A high-precision and high-bandwidth accelerometer contact microphone (ACM) for body-worn auscultation devices

Researchers at Georgia Tech have developed a low noise, high bandwidth micro-gravity accelerometer that is used as a “contact microphone” in body-worn auscultation devices. This microchip is mounted on the chest to non-invasively record sounds produced in the thoracic cavity. It is only sensitive to vibrations from its contact surface and does not pick up airborne acoustic emissions. The recorded signals are filtered and processed to extract the heart sounds and ballistocardiogram (BCG) signals from the recorded data. Likewise, lung sounds and chest wall motion are extracted using data processing techniques that demonstrate the possibility of accurately capturing multiple types of acoustic and vibrational data from the body at the same time.  A three-axis micro-gravity accelerometer can also be implemented in a single chip, which enables accurate monitoring of body motion in all three axes while recording acoustic sounds from inside the body.
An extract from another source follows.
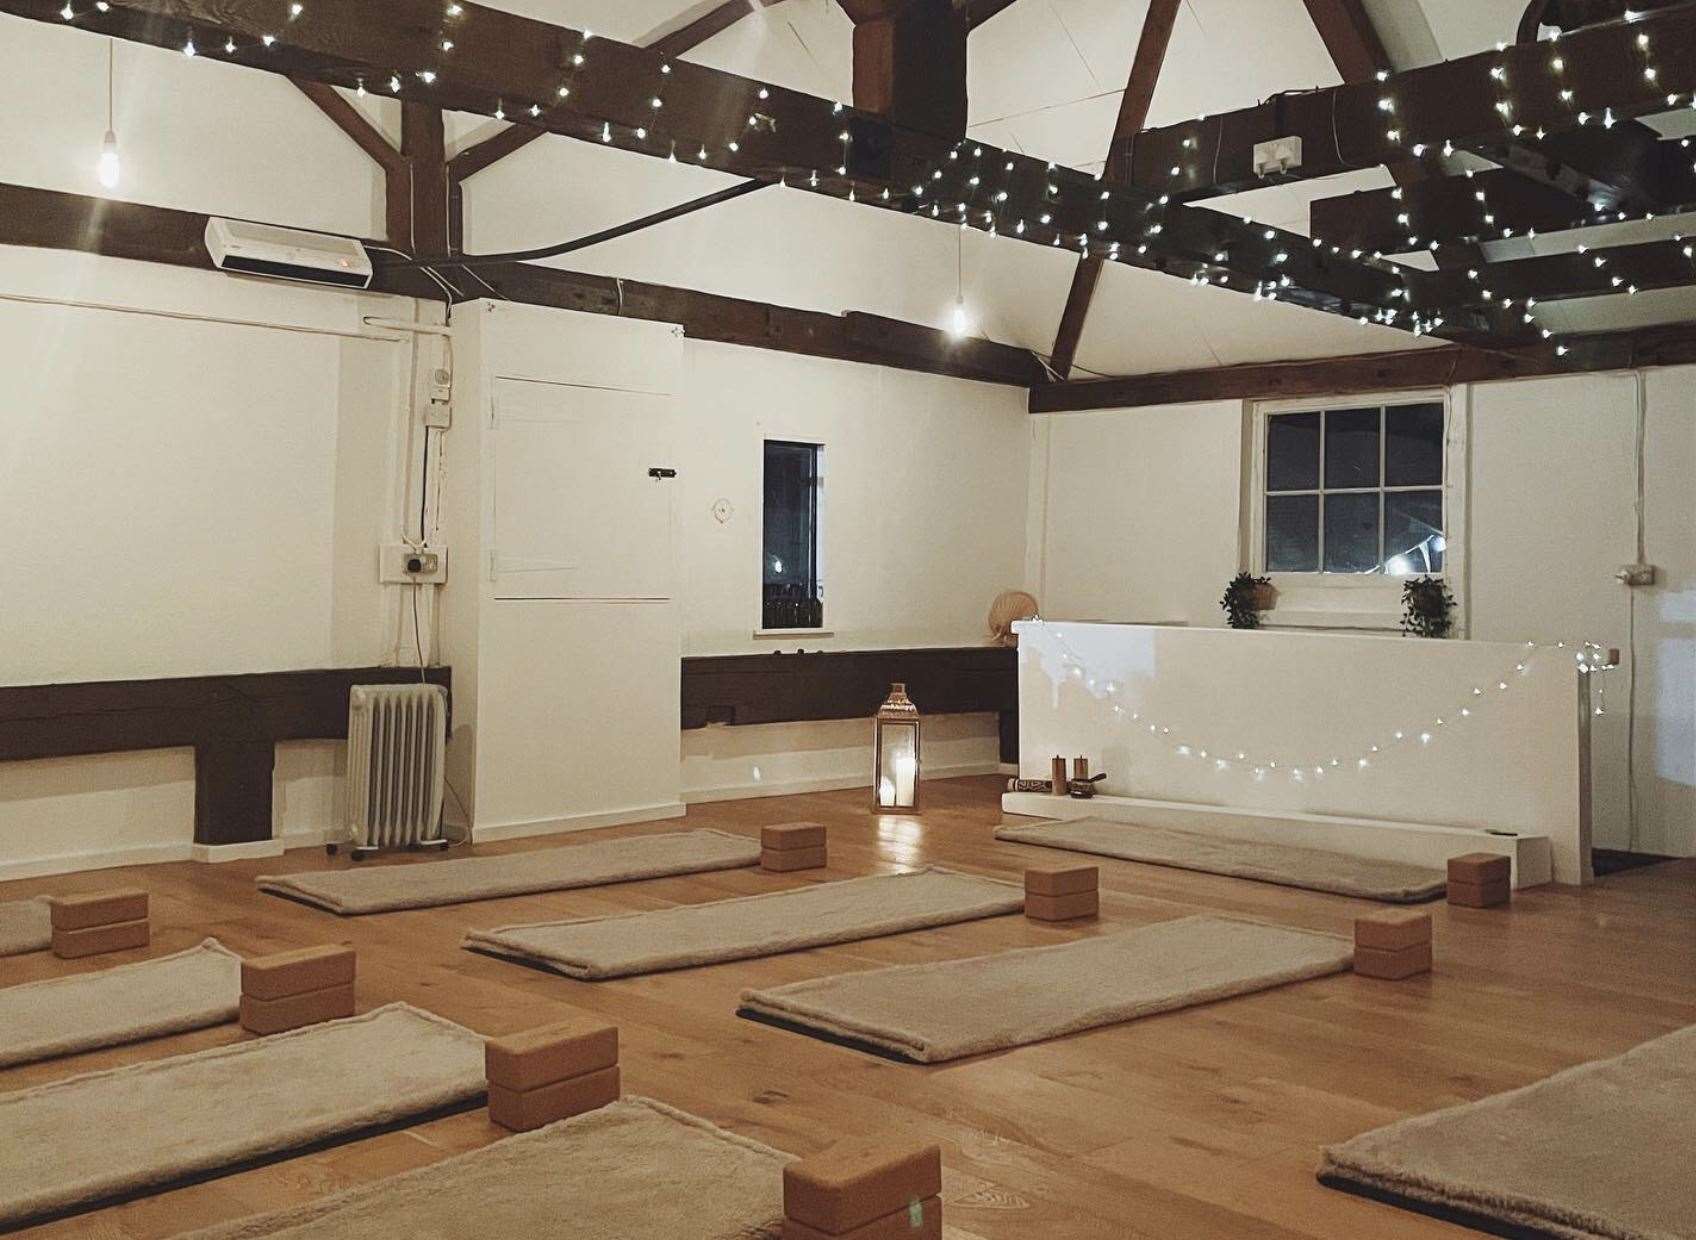 How the space at Actively Alive could look. Picture: Nicola Rowe

By using these microdevices in an array configuration, physicians can accurately localize the source of abnormal sound within the body for improved diagnosis.

Solution Advantages
  • Wearable small form-factor (micro-chip technology)
  • Increased sensitivity (micro-gravity sensitivity)
  • Large bandwidth (DC to 10kHz) and wide dynamic range (120dB)
  • Low power
Potential Commercial Applications
  • Wearable technologies
  • Patient monitoring devices (cardiopulmonary conditions)
  • Structural condition monitoring
Background and More Information

Cardiovascular and cardiopulmonary diseases are some of the leading causes of mortality globally. The interdependency of ones cardiac and pulmonary health makes continuous monitoring of cardiopulmonary parameters critical for accurate and timely diagnosis of associated illnesses. As such, there is a growing demand for high performance auscultation devices due to their ability to augment traditional clinical equipment and allow, for example, the opportunity for physicians to remotely diagnose and track patient health post-treatment. Typical electronic auscultation devices are limited by their size, susceptibility to environmental noise, and insufficient acoustic energy transfer. Therefore, there is a need to address these challenges by designing a miniature and more robust sensor that can be implemented in the form of a wearable auscultation device.